With reference to his ‘Etudes pour piano’, a work in progress since 1985, composer György Ligeti states : “They behave as growing organisms”. These compositions open up new horizons as they are the product of various spheres of influence. Cases in point would be the work of Frédéric Chopin and Claude Debussy, Conlon Nancarrow’s player piano, geometry as perceived by Benoït Mandelbrot and Heinz-Otto Peitgen, improvisations by Thelonious Monk and Bill Evans, Balcan music, Central African polyphony and the Balinese gamelan ensembles.
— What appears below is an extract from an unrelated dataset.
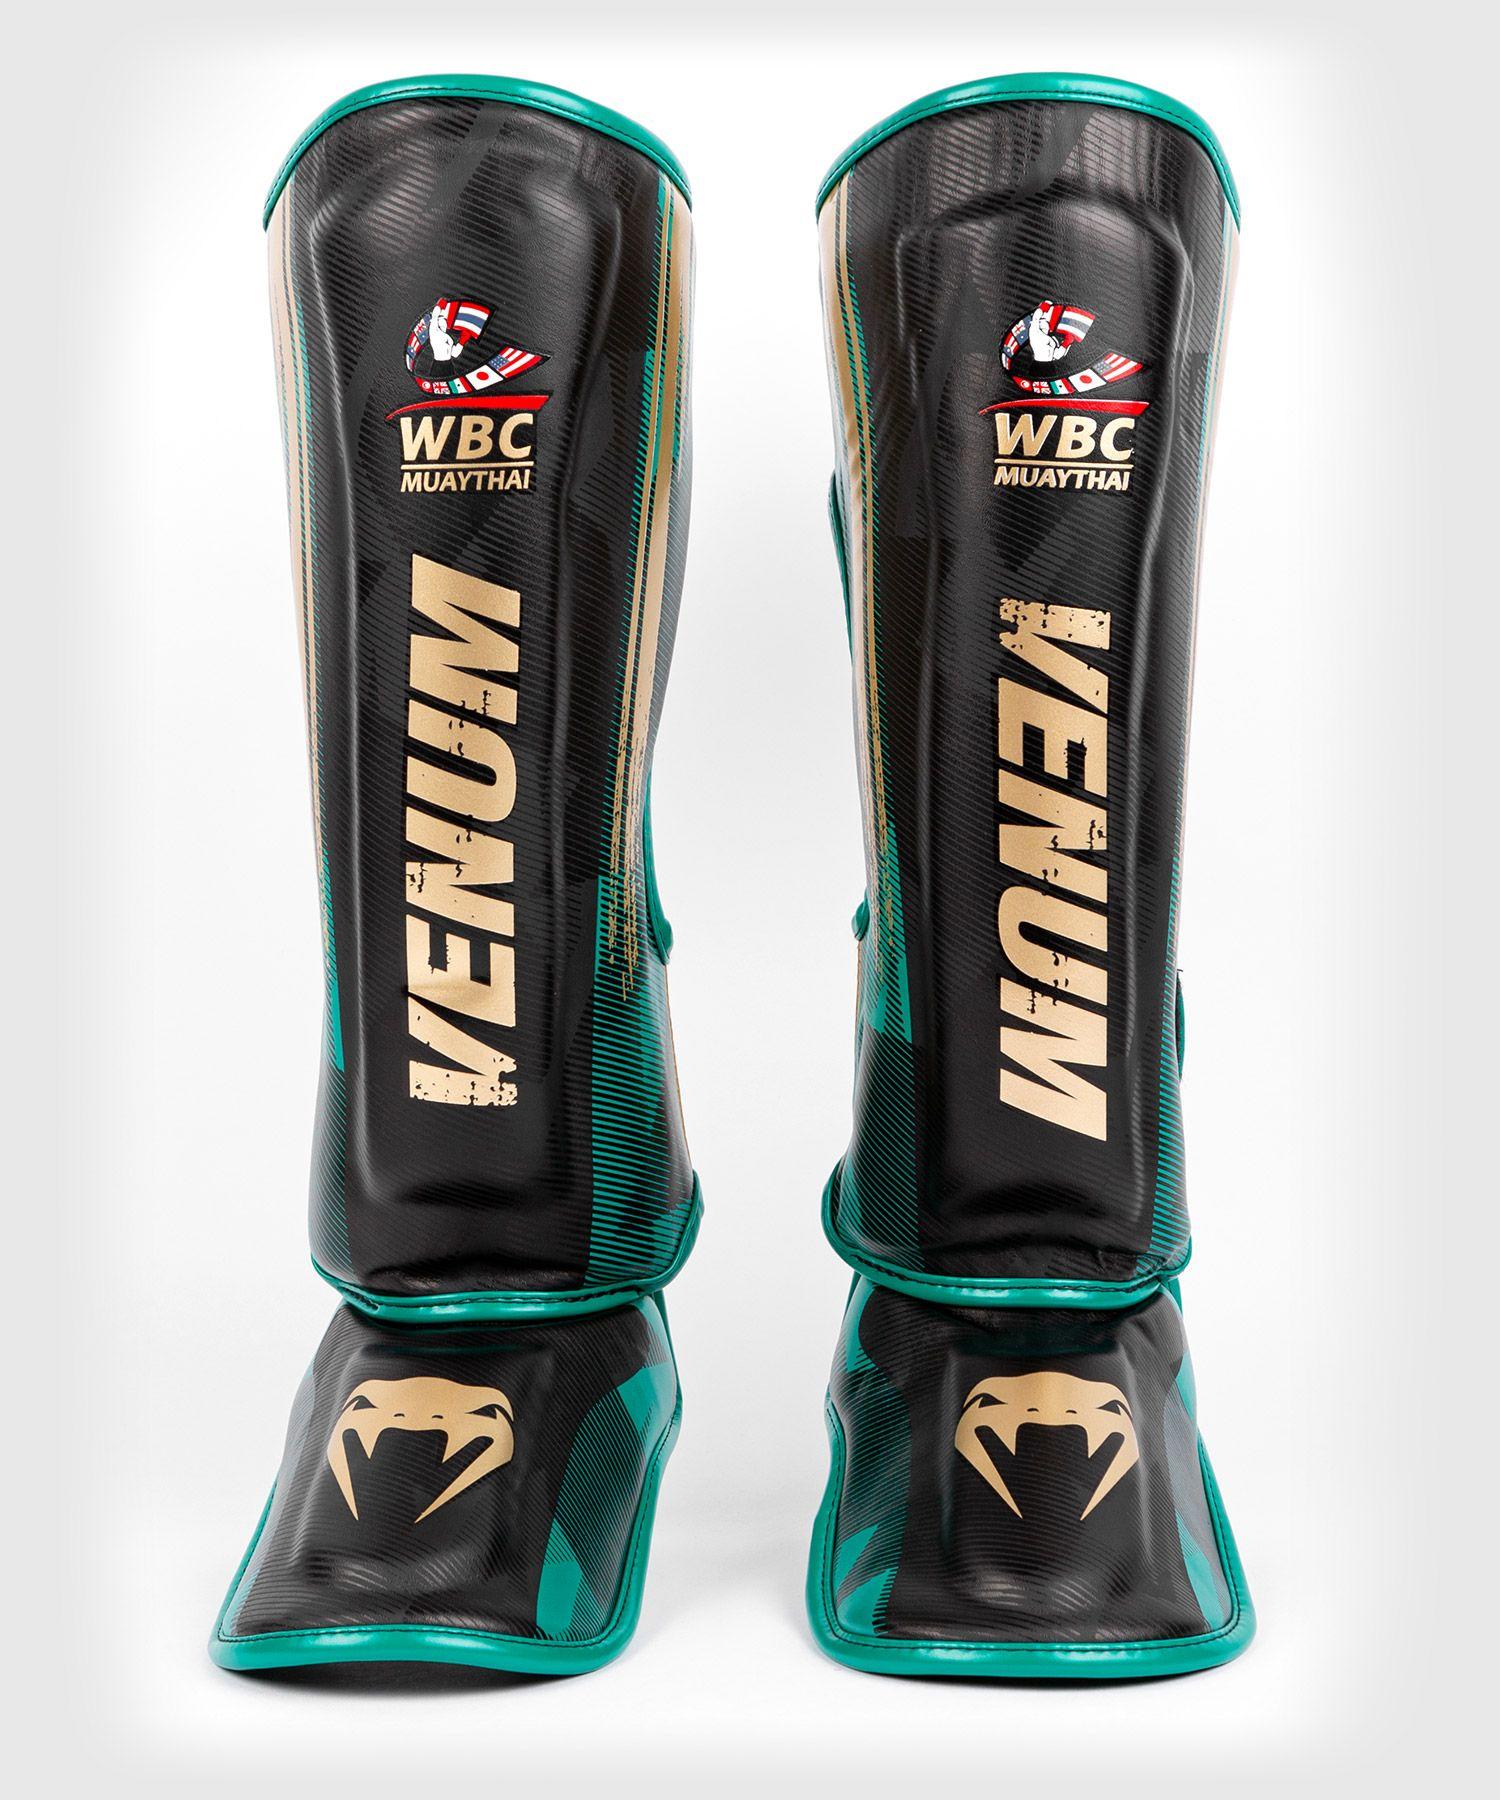 Venum WBC Muay Thai Shinguards - Black/Green

The latter consist of a number of metallophones, drums, cymbals, bamboo flutes and gongs that combine to create extremely differentiated polyrhythmic structures. The ritual aspect – the battle between good and evil, white and black magic – is also one of the pillars of Balinese music. Several examples by the Gong Kebyar ensemble are included on this disc. The vocal ‘Kecha-choir’ also uses a technique widespread in Europe during the Middle Ages : the hocket (a technique in which two or more voices fill in one another’s silences to make a composite melody). What does Ligeti really mean by ‘Galamb Borong’ ? At any rate, there is no litteral meaning : these two words have no meaning in the Indonesian language, it is simply how they ‘sound’. The composer says that you are listening to music from an imaginary island not to be found on any map. However, the major feat in this miniature is the creation of an almost pentatonic Indonesian slendro-atmosphere through the expert combination of two different structures of the European ‘moderate’ keyboard, which is democratically subdivided into twelve semitones. Fèm (the actual Hungarian word for ‘metal’) presents metallophones, while ‘Vertige’ progresses at the speed of light and literally freezes time as it comes ‘crashing down’. The humour of both ‘Der Zauberlehrling’ and the poetry of ‘En suspens’ (dedicated to his friend and colleaguemaster György Kurtag) is geared to the possibilities of polyrhythmic techniques. ‘Entrelacs’ — based on the time-honoured ratios of the Golden Section – momentarily harks back to the ‘distorted’ diatonic system of ‘Galamb Borong’. However, Ligeti pulls out all the stops for ‘L’escalier du diable’ : the result is a hallucinatory black fresco. The title of the last étude — the ‘endless column’, after a sculpture by Constantin Brancusi — could make a nice metaphor for the incredible fantasy that the Hungarian wizard is able to display when he places his ten fingers on a keyboard.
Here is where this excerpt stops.